Ice inadvertently posted personal information of 6,252 people in custody

US Immigration and Customs Enforcement building in Washington, DC.
US Immigration and Customs Enforcement building in Washington DC. Photograph: Eva Hambach/AFP/Getty Images

US Immigration and Customs Enforcement said on Wednesday that it had inadvertently posted to its website the personal information of more than 6,000 people in its custody.

The information included names, nationalities, detention centers where the people were held and unique numbers used to identify them in government records, according to Human Rights First, an advocacy group that discovered the leak on Monday.

All 6,252 people whose identities were exposed had earlier expressed fear of persecution if courts denied their bids to remain in the US and were returned home, according to Human Rights First.

Eleanor Acer, the group’s senior director for refugee protection, said she worried that detainees or their families might be in danger in their home countries.

“In some countries people are targeted, retaliated against for seeking asylum,” the Associated Press reported Acer saying.
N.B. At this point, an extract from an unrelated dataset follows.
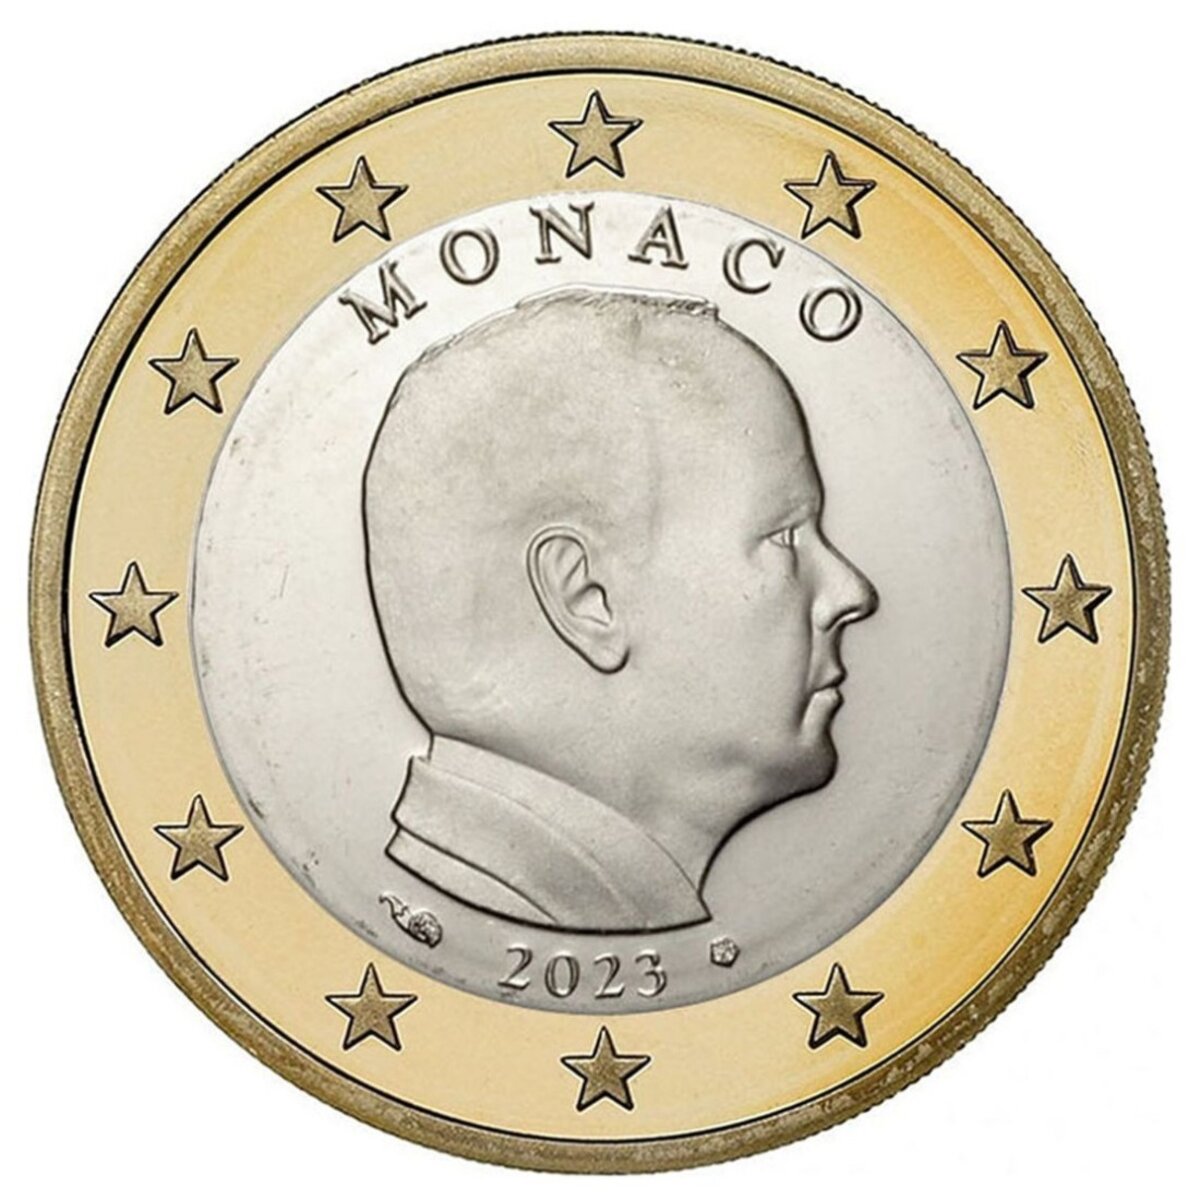 Pièce officielle de 1 euro monaco 2016 UNC Prince Albert II

Ice said an Excel spreadsheet was erroneously posted “while performing routine updates” and was up for about five hours. It said it deleted the information 11 minutes after being notified.

“Though unintentional, this release of information is a breach of policy and the agency is investigating the incident and taking all corrective actions necessary,” Ice said in a statement.
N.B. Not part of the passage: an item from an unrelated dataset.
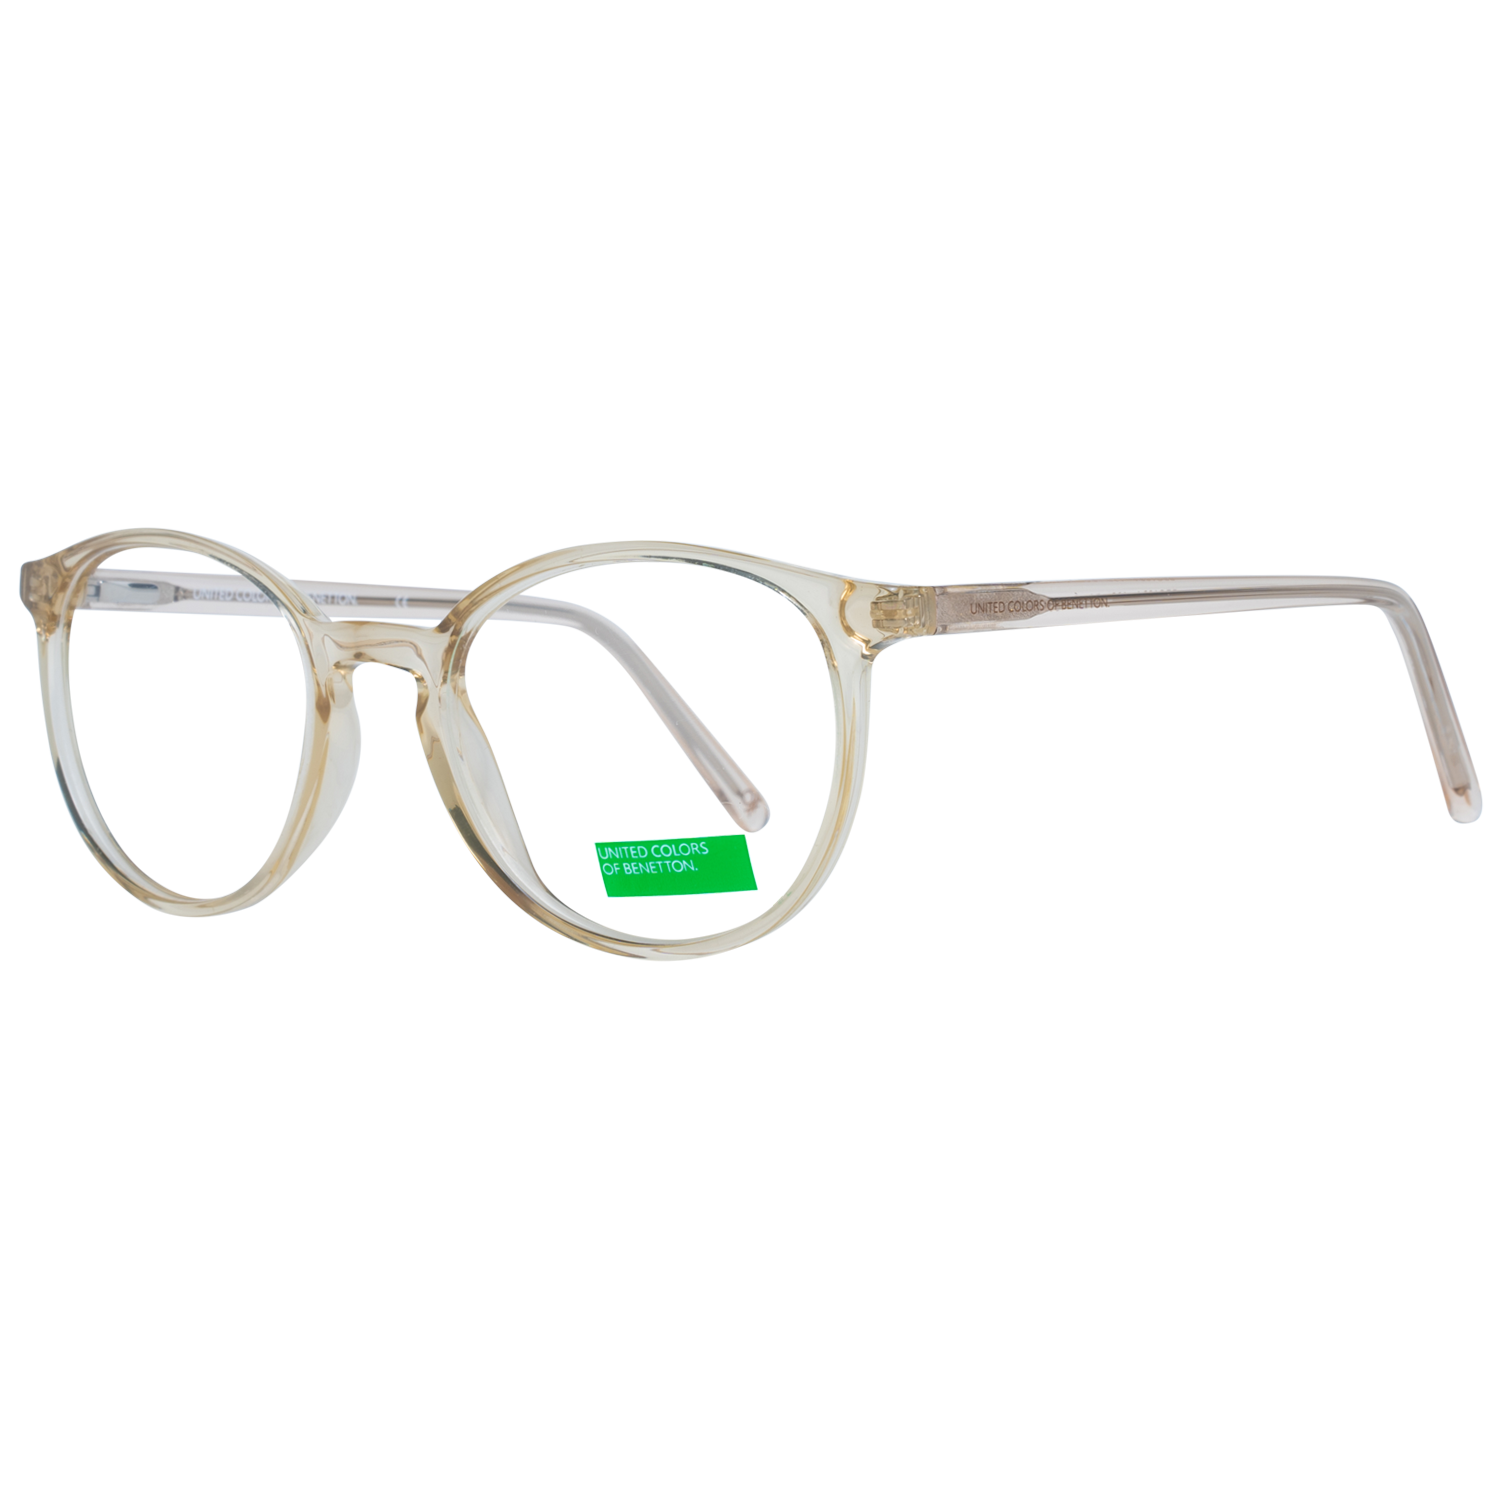 Benetton Frames Benetton Optical Frame BEO1036 132 50 Eyeglasses Eyewear UK USA Australia

It said it would tell detainees or their attorneys of the leak, which was first reported by the Los Angeles Times.

“This will allow noncitizens or their attorneys-of-record to determine whether the disclosure may impact the merits of their protection claim,” an Ice spokesperson said.
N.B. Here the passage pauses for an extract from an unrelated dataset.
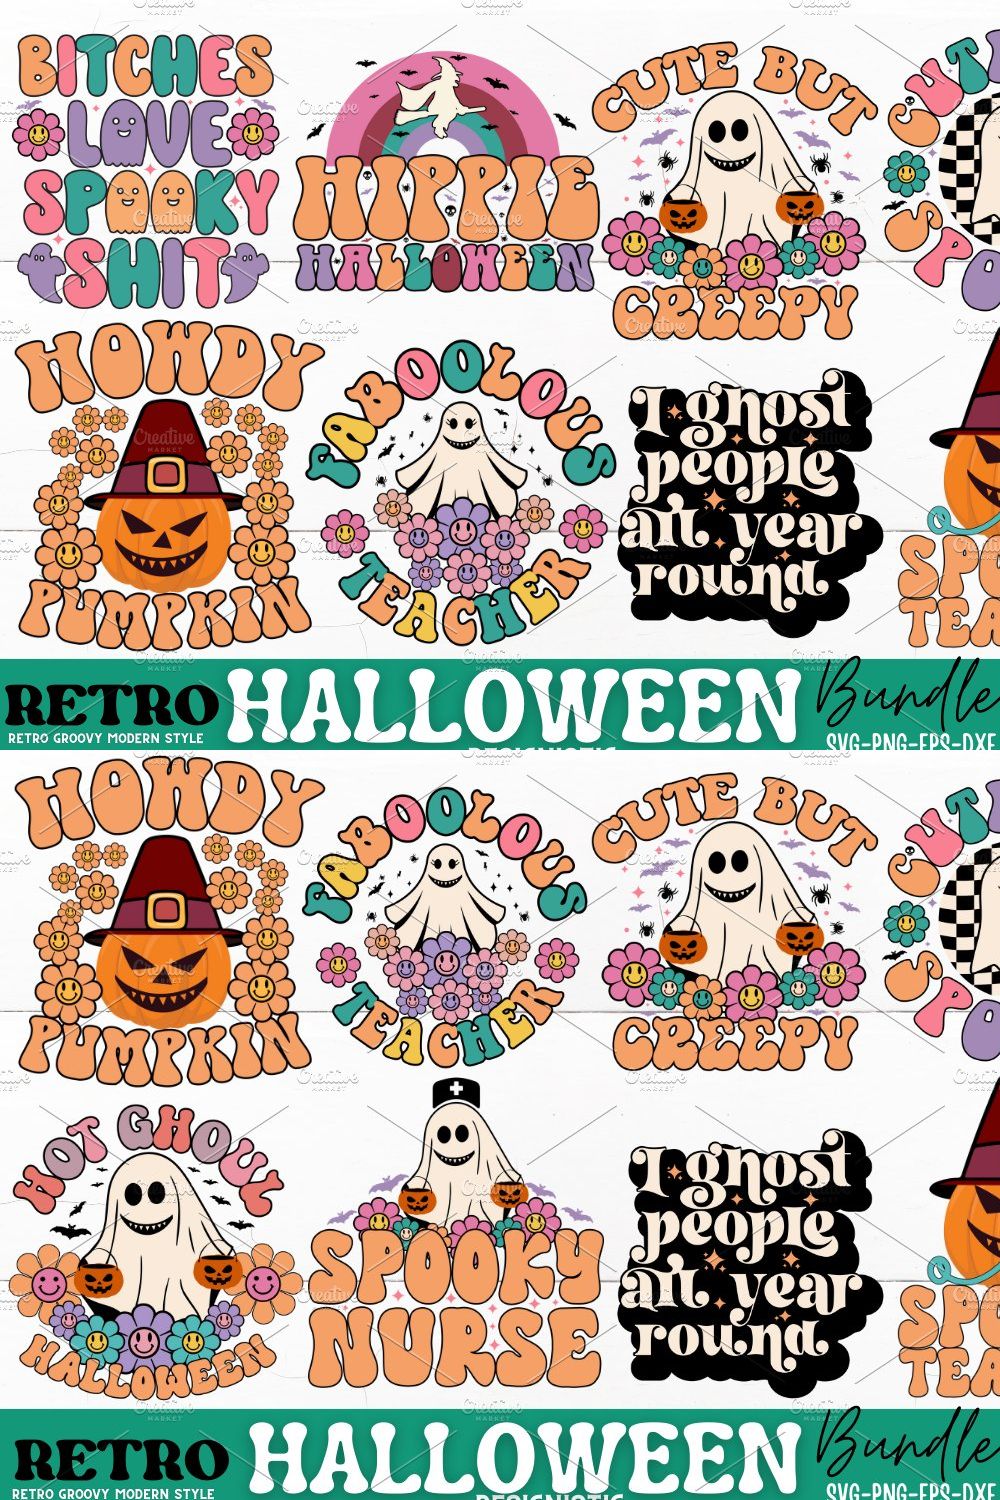 Retro Halloween SVG Bundle pinterest preview image.

The Los Angeles Times also reported that the government will notify individuals who downloaded the information that they should delete it, and that Ice is monitoring the internet for potential reposting.

Diana Rashid, a managing attorney of the National Immigrant Justice Center, told the paper her organization was concerned over the disclosure of the identity of one of her clients, a Mexican woman.

“We are deeply concerned about our client’s safety after Ice publicly shared this very sensitive information about her and thousands of others like her,” Rashid said.

“She is seeking protection from removal because she fears persecution if returned to her country of origin. Revealing this information makes her more vulnerable to the persecution and abuses she fears if deported.”

Heidi Altman, director of policy at the National Immigrant Justice Center, echoed similar sentiments, telling the paper: “The US government has a crucial obligation to hold asylum seekers’ names and information in confidence so they don’t face retaliation or further harm by the governments or individuals whose persecution they fled.

“Ice’s publication of confidential data is illegal and ethically unconscionable, a mistake that must never be repeated.”